I assume you define GlobalPooling as a pooling operation returning an activation with a spatial size of 1x1?
If so, nn.AdaptiveAvgPool2d(output_size=(1, 1)) should work:
x = torch.randn(2, 3, 224, 224)
pool = nn.AdaptiveAvgPool2d(output_size=(1, 1))
out = pool(x)
print(out.shape)
# torch.Size([2, 3, 1, 1])
Thank you. I’m still figuring out how to extract the maximum information without using FC layers but convs only.
I think the layer proposed in the post should work, but the channels dimension is still uncontrolled I think, not sure how to go about making it 4 or the number of classes.

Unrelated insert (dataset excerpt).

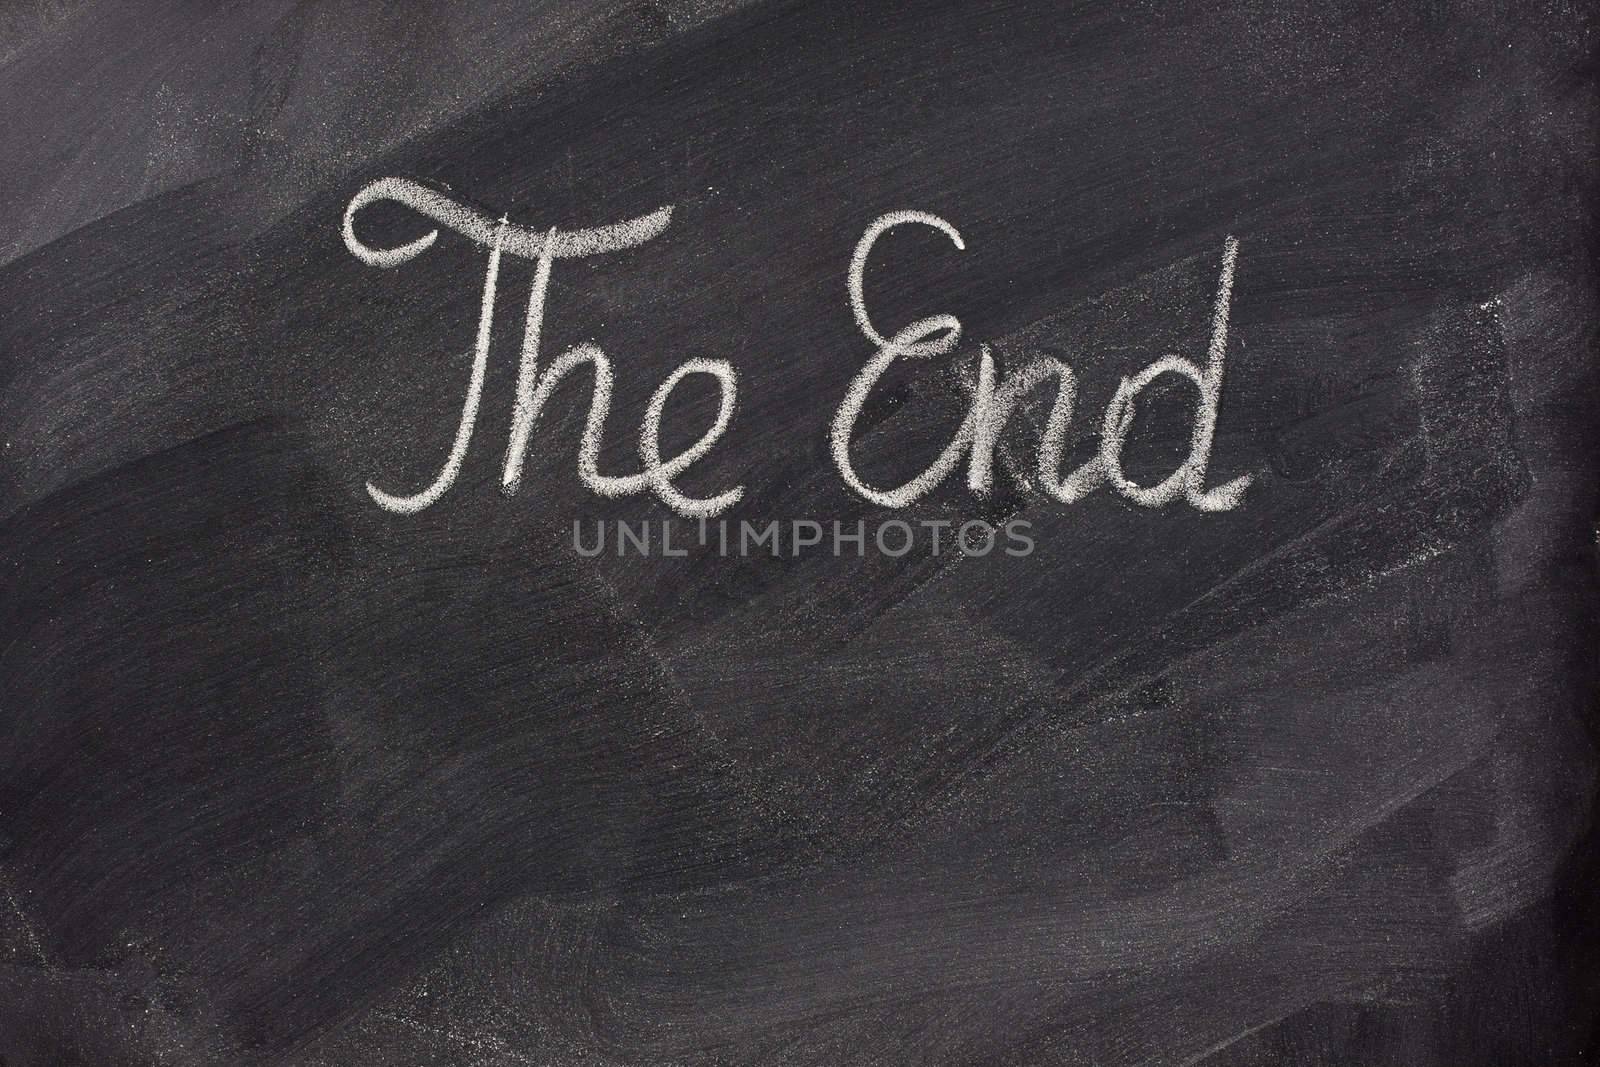 The end - handwritten with white chalk on blackboard with eraser smudges

thinking of this currently:
class ClassificationHead(nn.Module):
"""
Classification of the image rotation angle.
Args:
input_size: the size of the input image
"""
def __init__(self, input_size: int):
super().__init__()
# self.fc1 = nn.Linear(input_size, 24)
# self.relu1 = nn.ReLU()
# self.dropout1 = nn.Dropout(0.1)
self.flatten = nn.Flatten()
self.gap = nn.AdaptiveAvgPool2d((1, 1))
self.fc2 = nn.Linear(input_size, 4)